It is often very easy for someone who doesn’t care about or fully understand the liabilities and training maintenance issues associated with a K9 unit to arbitrarily cancel training or cut back the hours. The “national standard” recommends that each K9 team conduct 16 hours of training minimally per month.
“It’s busy – we can’t afford to let the K9 team go train.” If you’ve done any mathematical calculations on recent K9-related lawsuits compared to training hours, you will quickly realize you can’t afford NOT to let your K9 teams train regularly to potentially avoid trouble. And, many of these supervisors cancelling training do so without fear or thought given to the consequences should a bad incident occur and a claim or lawsuit follows – there is generally a lack of accountability. “It’s busy” is one of the classic (and least supportable) reasons used by many to avoid training or cancel it – and it’s clearly an invitation for trouble.
I understand that training may need to be cancelled on occasion. When training is cancelled, and there is no rescheduling, a memorandum or some documentation should be required from the supervisor or administrator doing so and placed into a handler’s training file because “it’s busy” or other excuse simply may not be helpful down the road to explain the situation in front of a jury.
If documentation to cancel is not required from a supervisor, I would be documenting it on my own starting with something like “On this date and time, Supervisor X notified me that he was cancelling my [regularly scheduled] maintenance K9 training…” with the reason provided why the training was cancelled and any other relevant circumstances – and this could also be documented within an email to the K9 supervisor or K9 Commander if another person is responsible for the cancellation. If the K9 supervisor cancels training and does not allow for rescheduling, I recommend documentation as suggested on a training log or other suitable form so that it goes into the training file and will be discoverable later if needed.
Every training day or time of regularly scheduled training should have an official training form or log that records the training that occurred or contains a notice within that form indicating training did not occur (or had limited hours than normally scheduled) so there are no “blanks” in your training files. The reasons you might not train; vacation, IOD, sick day, court, staffing issues, calls for service, etc.
Your training hours and required maintenance training schedule should be memorialized within your K9 policy or in the K9 Unit Operational Manual so that violations can be appropriately addressed if necessary. As you well know or may have experienced, schedules or “required training” is more difficult to circumvent or cancel if written or mandated within a policy.
“Budget problems” used as a reason to cancel training?
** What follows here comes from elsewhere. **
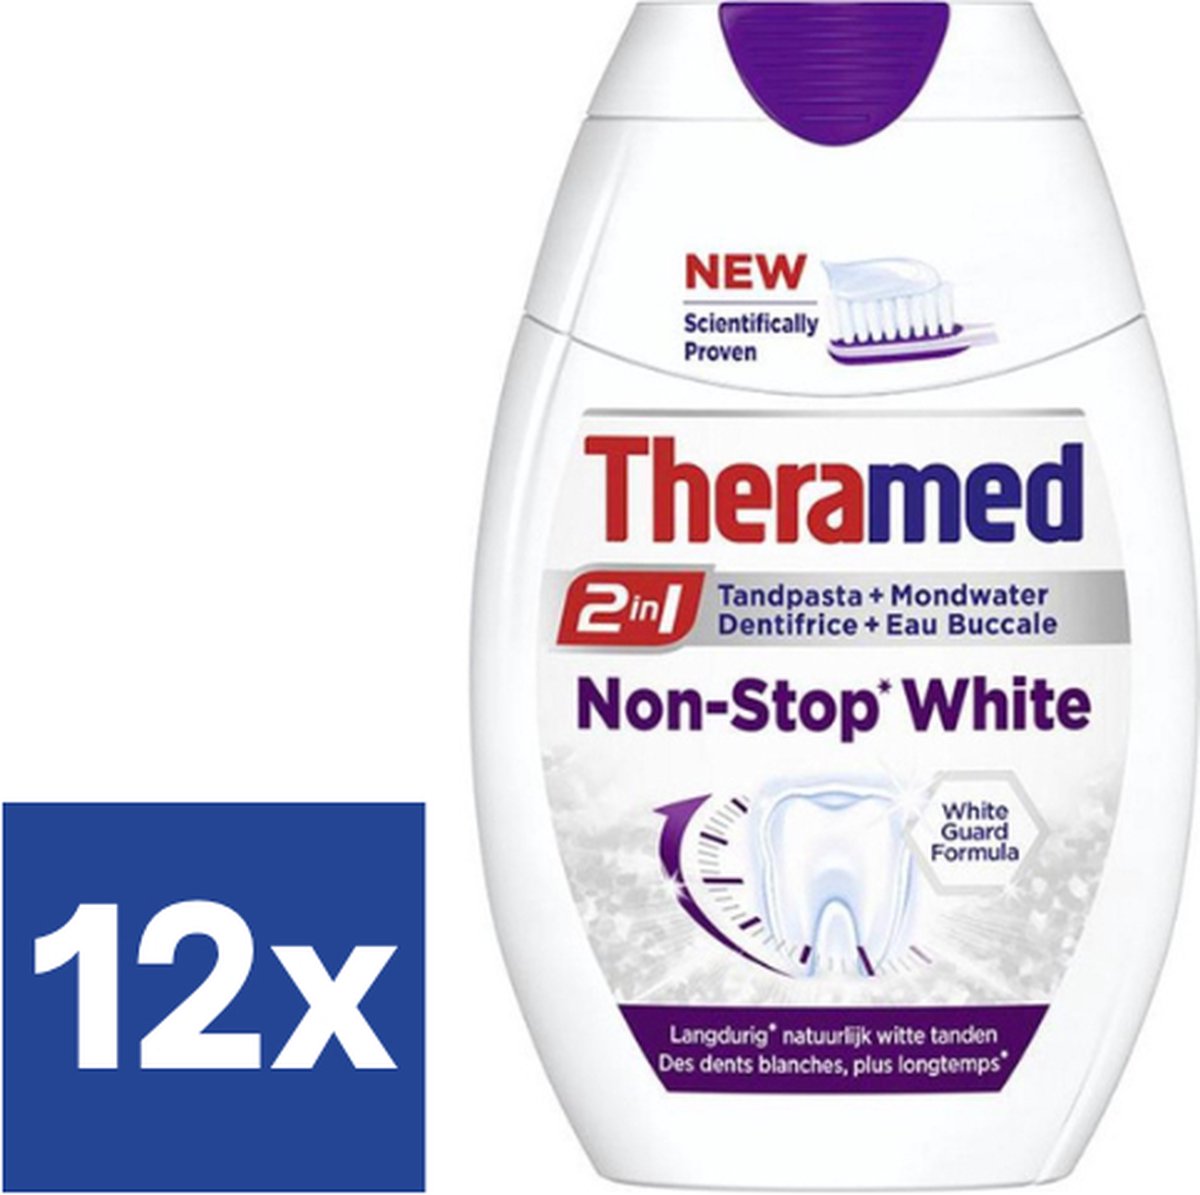 Theramed Tandpasta 2 In 1 Non-Stop White - 12 x 75 ml

Many years ago, Attorney Martin J. Mayer sent a client memo to police chiefs and sheriffs in California addressing the obligation to provide training to law enforcement officers even when there is a cut back to training funds;
“The duty to train officers is unaffected by reimbursement sources. The lack of funding from outside sources does not, in any way, relieve a department of its obligation to train its officers. The decision to eliminate training programs or reduce the amount of training, based upon the lack of reimbursement sources, would most likely be viewed, by a court, as deliberate indifference to the rights of others.”
If you’d like to do a little further research on your own about the topic, I recommend you review the following two cases minimally; City of Canton v. Harris, 489 US 378 109 S. Ct. 1197, 103 L Ed 2d 412 (1989), and Campbell v. City of Springboro, Ohio, 788 F.Supp.2d 637 (2011), United States District Court, S.D. Ohio, Western Division.
There are legitimate reasons we are required to train regularly and performance can deteriorate and potentially suffer when it does not occur. Failure to do so creates liability. When training is cancelled, the person doing so usually does not think ahead of potential consequences and does not envision themselves later on the witness stand trying to explain the reason training was cancelled and not rescheduled. If that forecasting happened more often as part of the analysis prior to taking action, they would probably not cancel training (as often) and trouble could be avoided.
Take care, be safe and try to work as a team to avoid cancelling training….
Bill Lewis II
This “reason” was originally shared on October 28, 2015.
“Trouble” isn’t always related to incidents or predicaments that directly result in lawsuits, claims or discipline. Often times, our actions or inactions that are missed, deliberately overlooked or downplayed may lead to nothing or can later lead to mistakes or bad incidents with minimal to serious repercussions. A reason we get in trouble can be minor or simple at first glance – or even serious – but a combination of these factors can often have disastrous consequences.
These “reasons” are provided periodically as a collection in-progress based on actual incidents and real attitudes as well as feedback received at HITS, the CNCA Training Institute, and the “Canine Liability 360” classes. As Gordon Graham says, “We haven’t found new ways to get in trouble.” So, as the list progresses, you may or may not read something familiar to you that you have personally experienced or seen others encounter. If you encountered or heard about it, did you learn from it?